Functional Testing

Exploring Functional Testing

Exploring Functional Testing

Does the product work as designed? Functional testing compares the system’s functions as built against the requirements, verifying whether the new system supports all typical and edge use cases. We prepare a Requirements Traceability Matrix (RTM) to map the original requirements to test cases and ensure that all required features and functionalities are tested and verified to work as expected.

Depending on the stage of software development, functional testing can be performed using both manual and automated testing protocols. Regardless of how it is performed, the goal is to ensure the product functions as expected and all features work correctly.

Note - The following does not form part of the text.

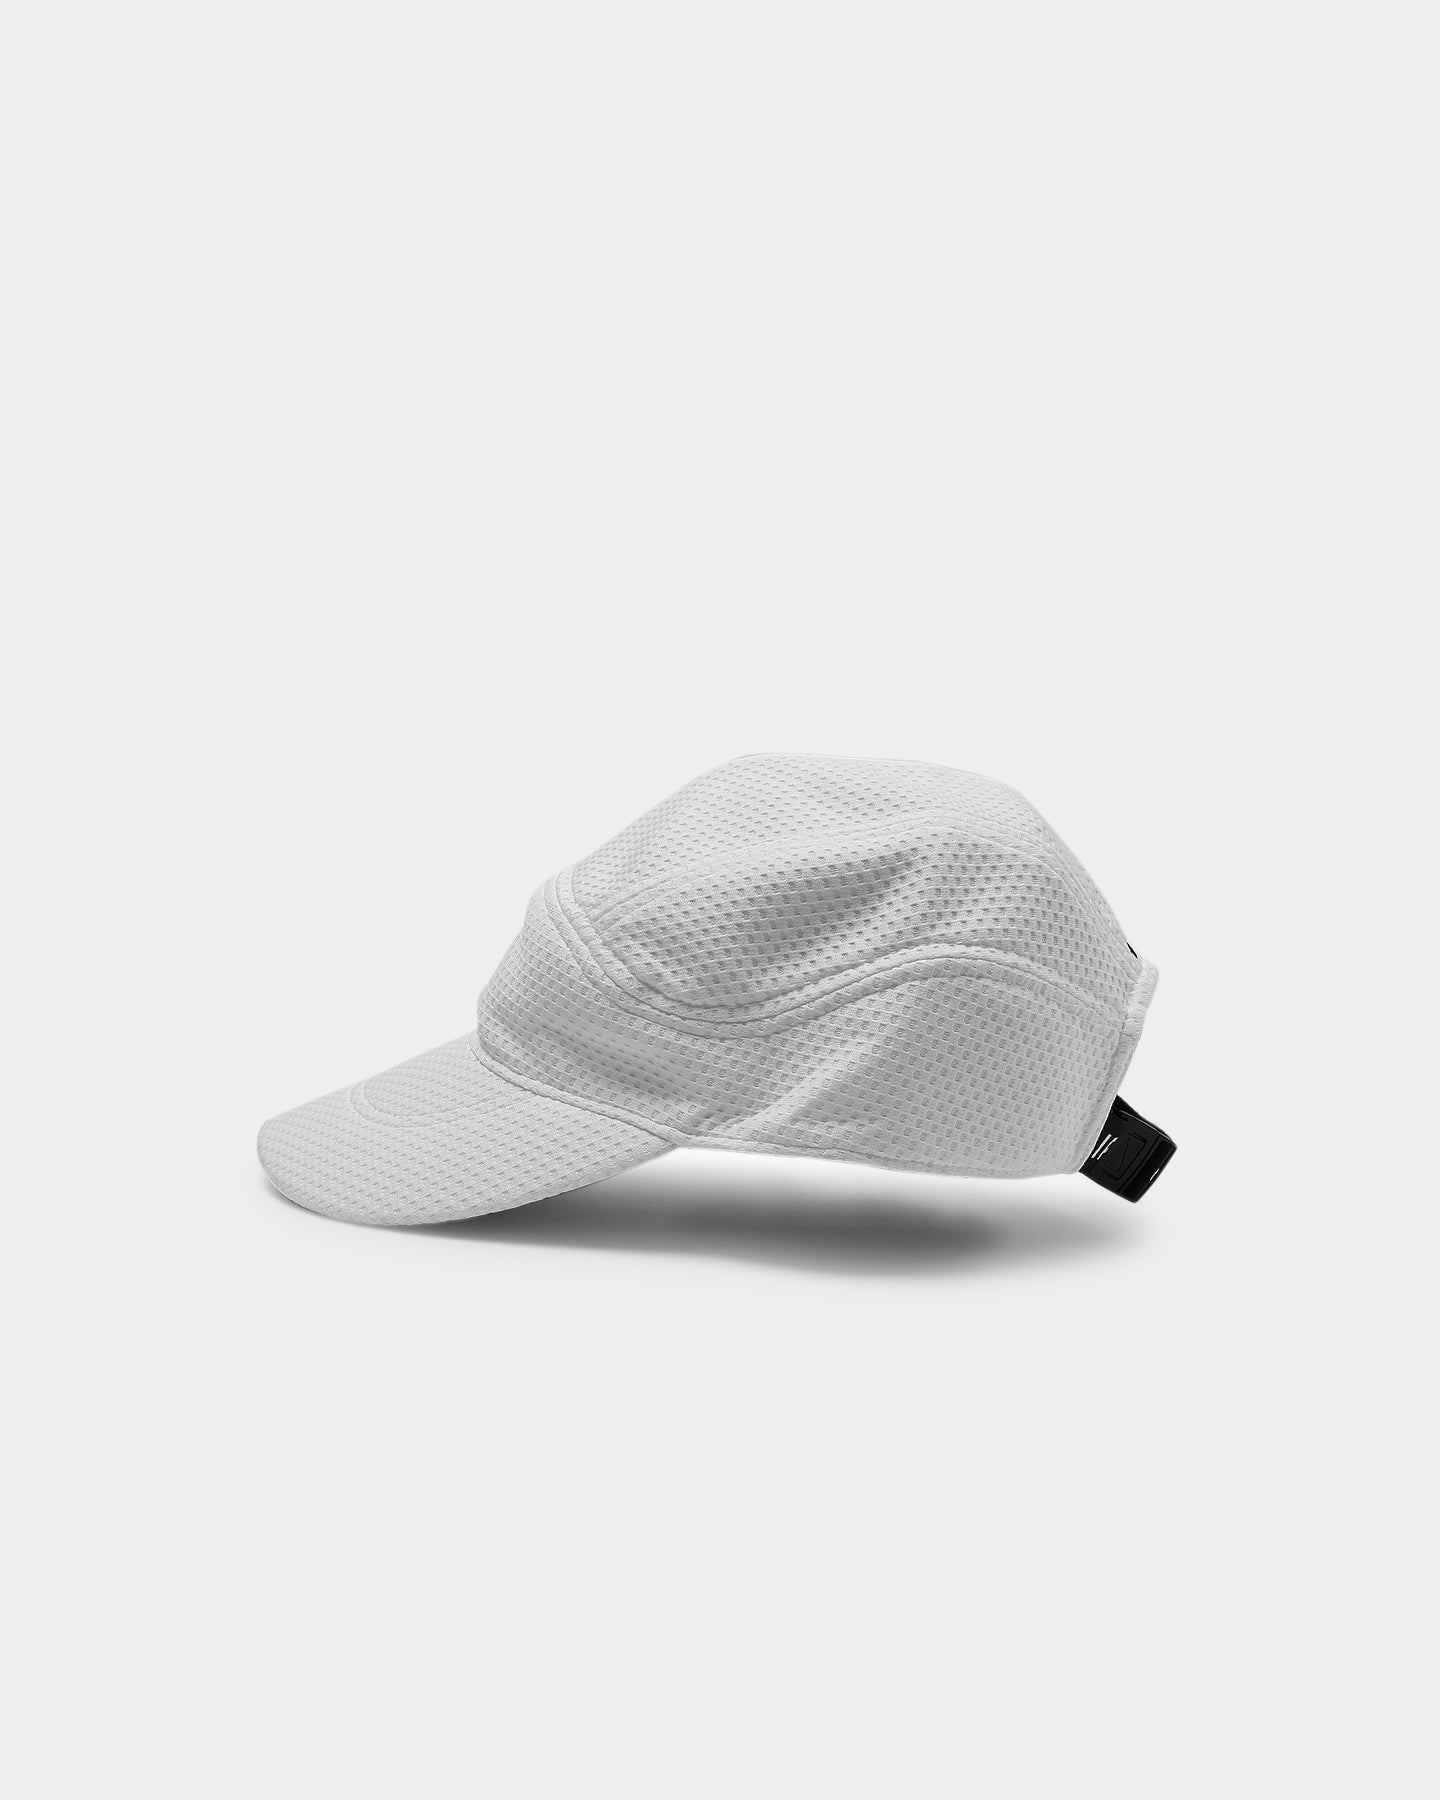 white air max hat

Typical Functional Testing Scenarios

Unit testing:

This is typically performed by the developer or a peer to ensure the code written performs as intended.

Integration testing:

After all modules are developed and unit tested, typically by multiple developers, the entire system is tested together to ensure all modules work together correctly.

System testing:

After the Integration test System testing verifies that the system interacts with other pre-existing or newly built systems correctly and the data and process flows function properly

Smoke testing:

Checks whether a new software build or version is stable by testing some core functions and if you can continue to perform additional testing.

Regression testing:

Ensures that a new software build or version after a change hasn’t broken previously existing functionality.

Acceptance testing:

Confirms whether an application satisfies the acceptance criteria as specified in the project’s statement of work (SOW). Typically end users of the application help determine whether to accept the system.